● Saved data entries:
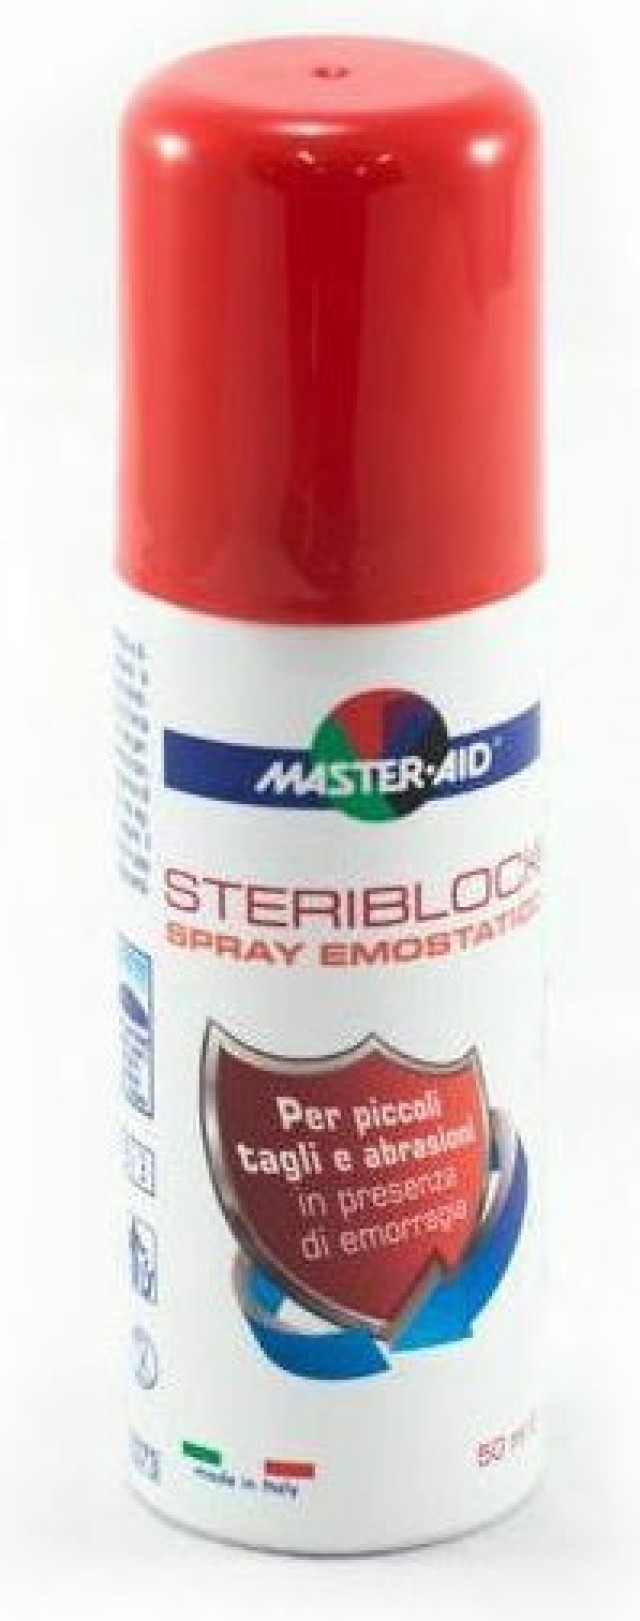 Master Aid Steriblock Spray Emostatico Αιμοστατικό Σπρέυ 50ml
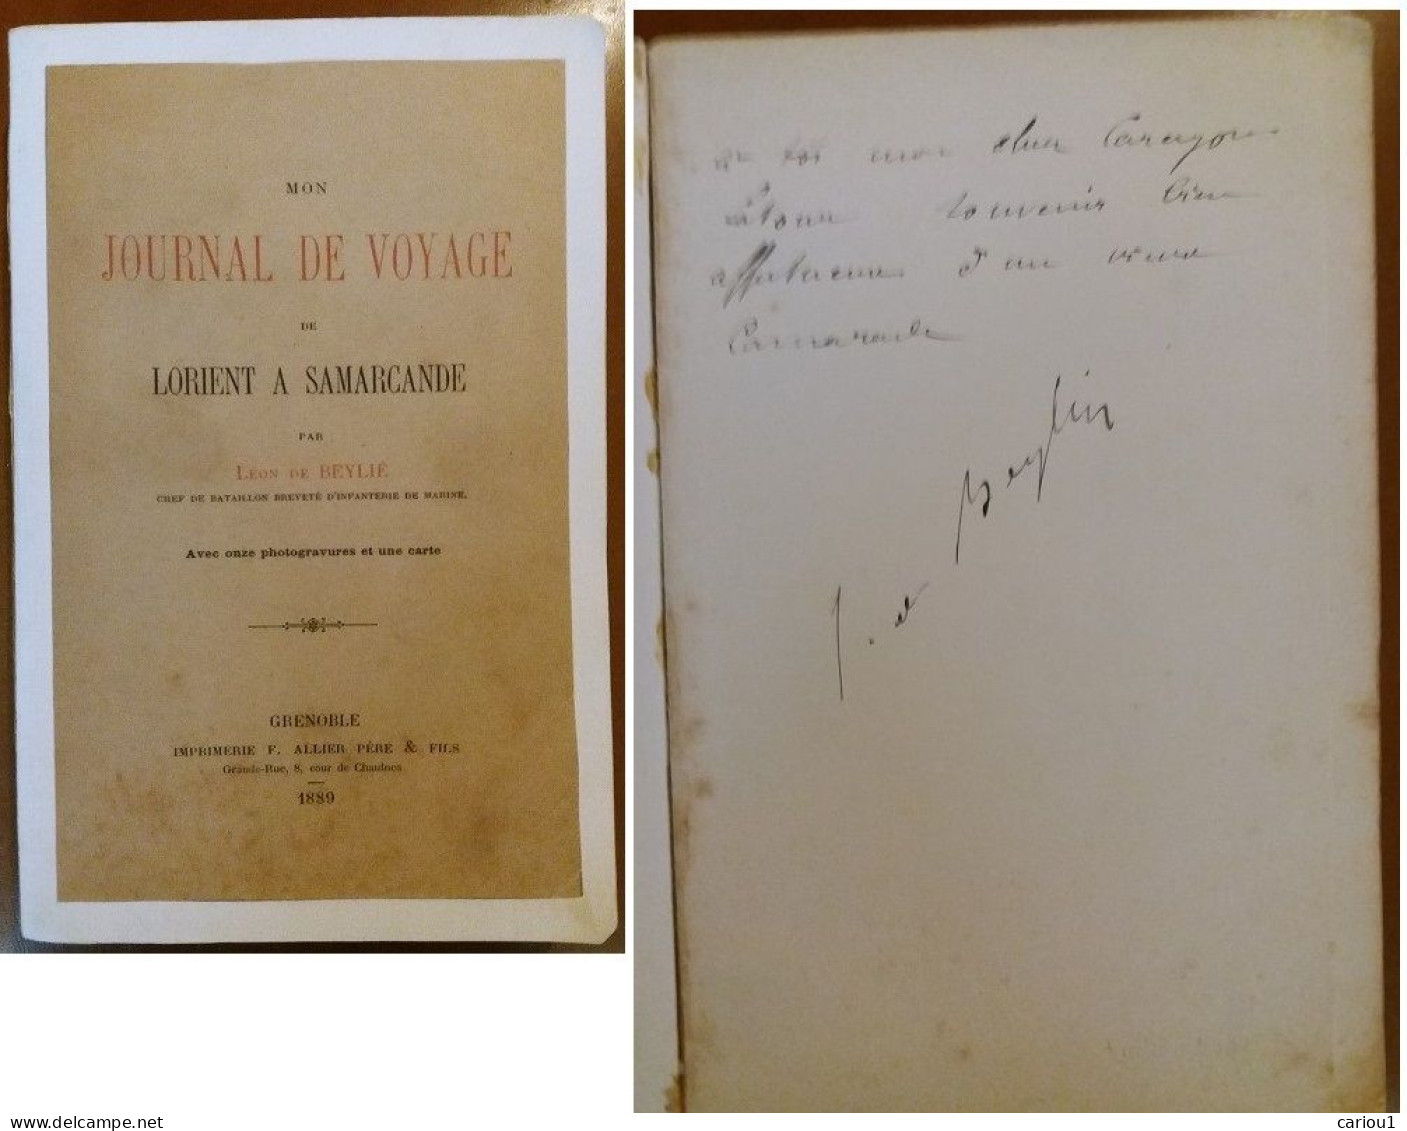 C1 Leon De BEYLIE Voyage LORIENT SAMARCANDE Musee GRENOBLE Signed DEDICACE Envoi Port Inclus France - Libri Con Dedica
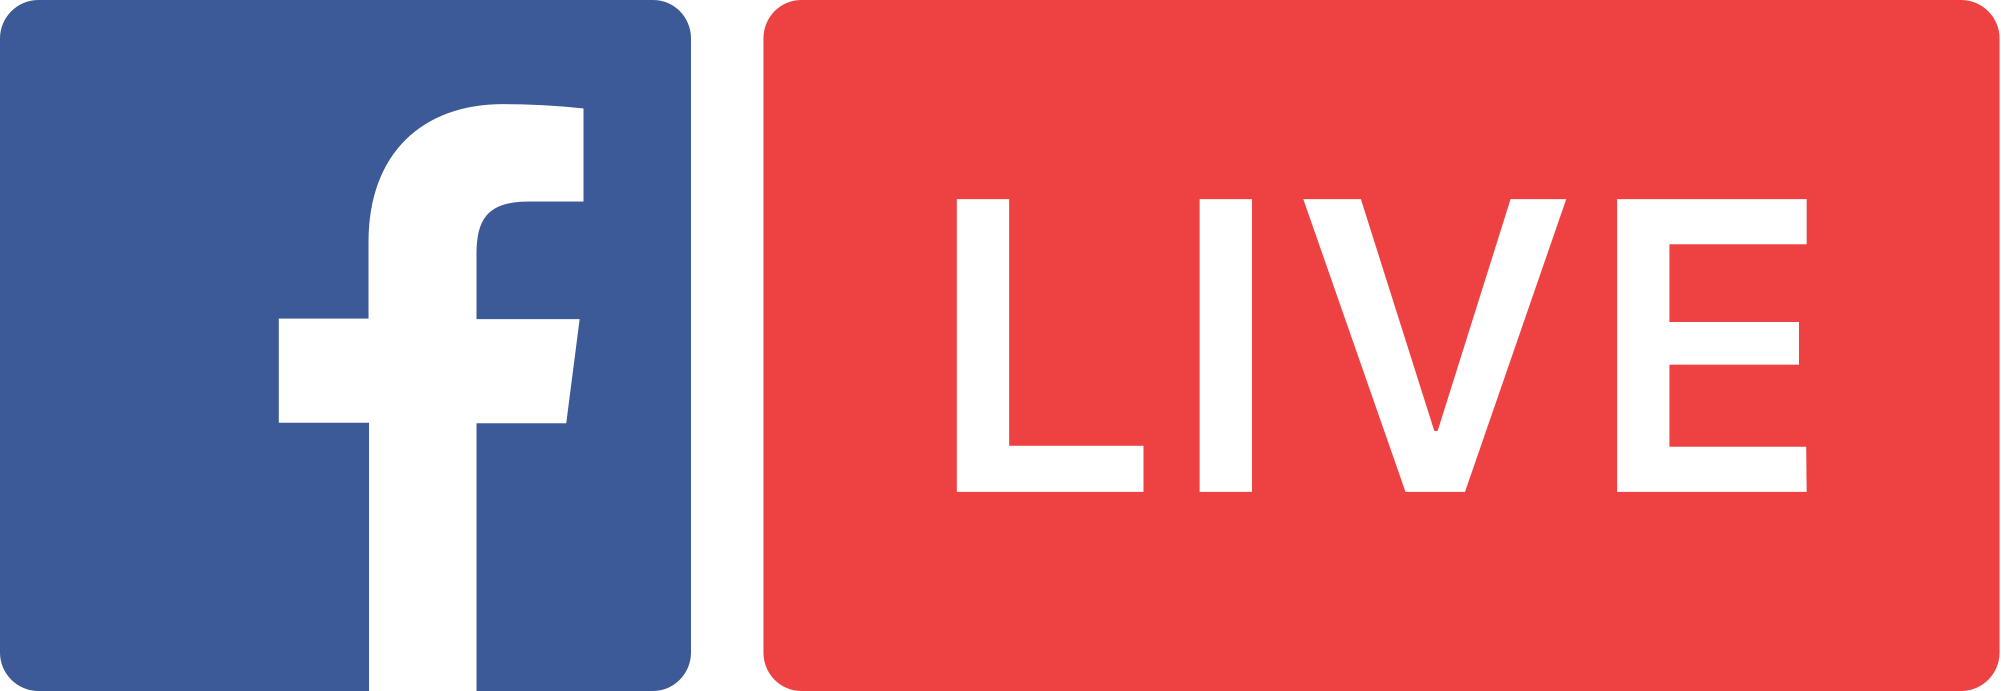 Facebook Live - network
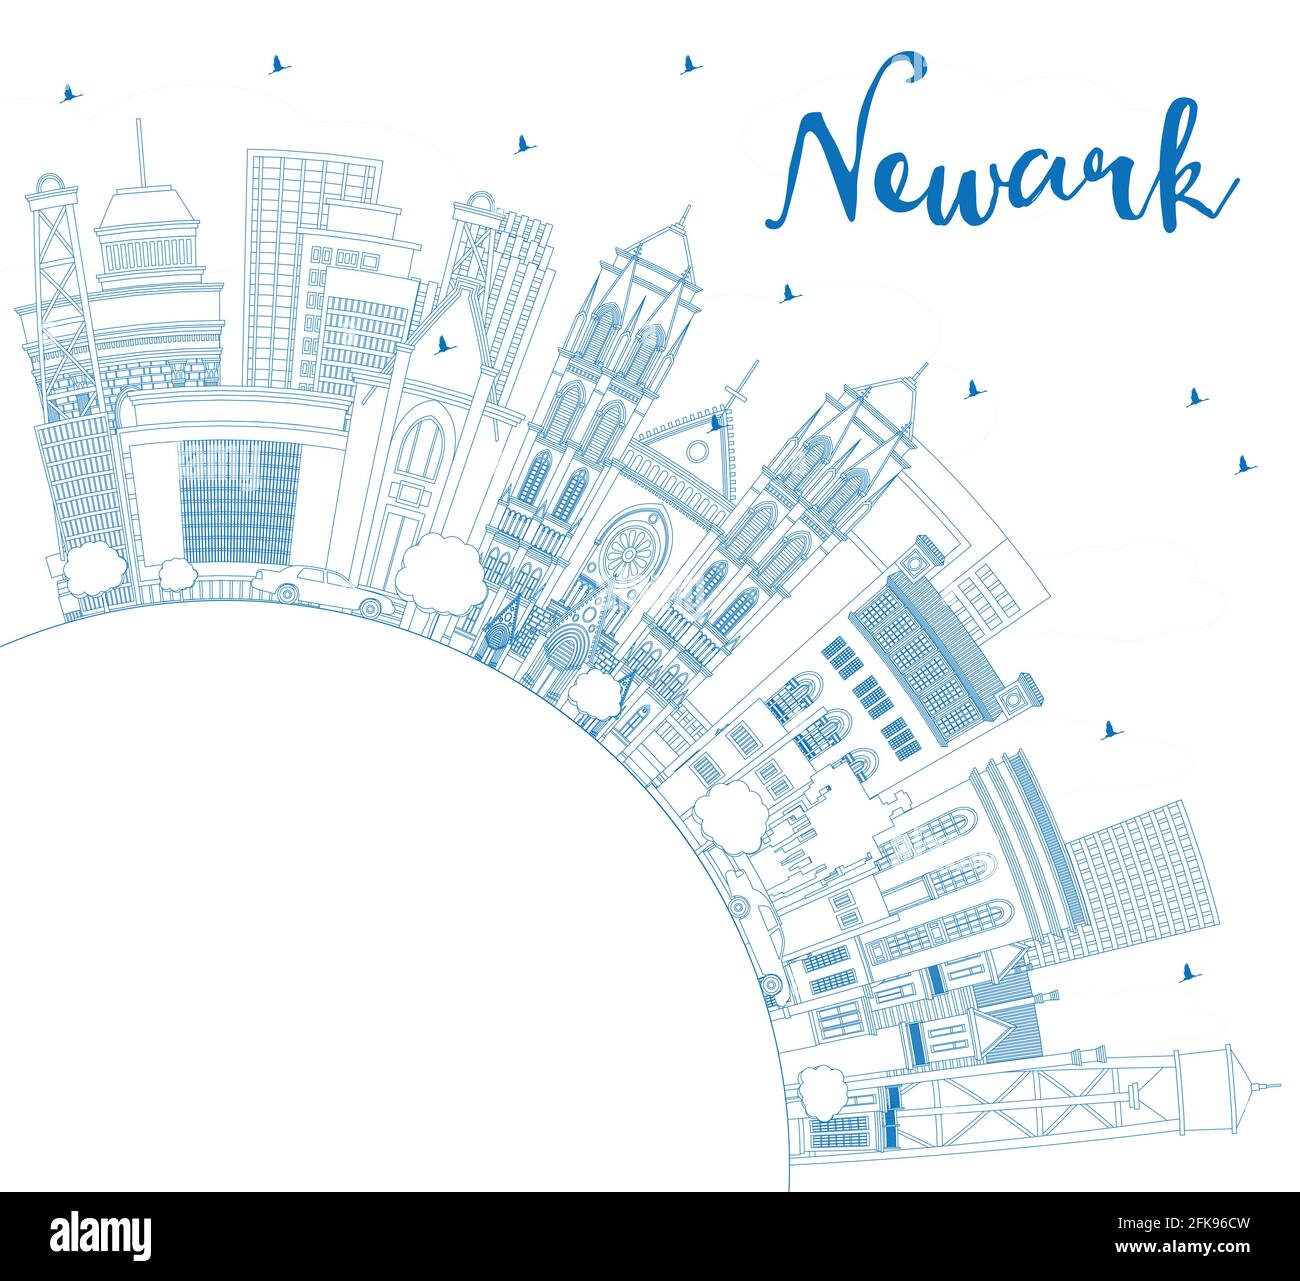 Umreißen Sie die Skyline von Newark New Jersey City mit blauen Gebäuden und Kopierfläche. Stock Vektor
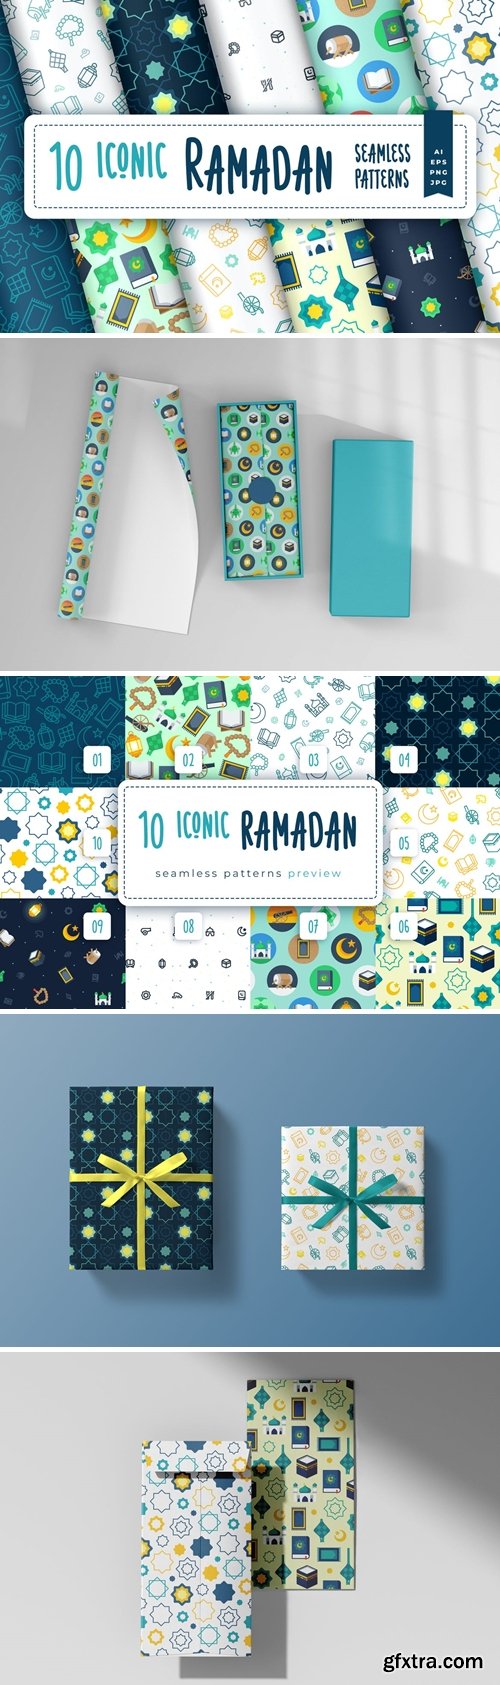 Iconic Ramadan Seamless Pattern

● THE PROBLEM:
Would you please print only the lines running from the one with "Facebook Live - network" to the final line of the entries above, exactly as written and without pictures?

● EXERCISE ANSWER:
 Facebook Live - network
 Umreißen Sie die Skyline von Newark New Jersey City mit blauen Gebäuden und Kopierfläche. Stock Vektor
 Iconic Ramadan Seamless Pattern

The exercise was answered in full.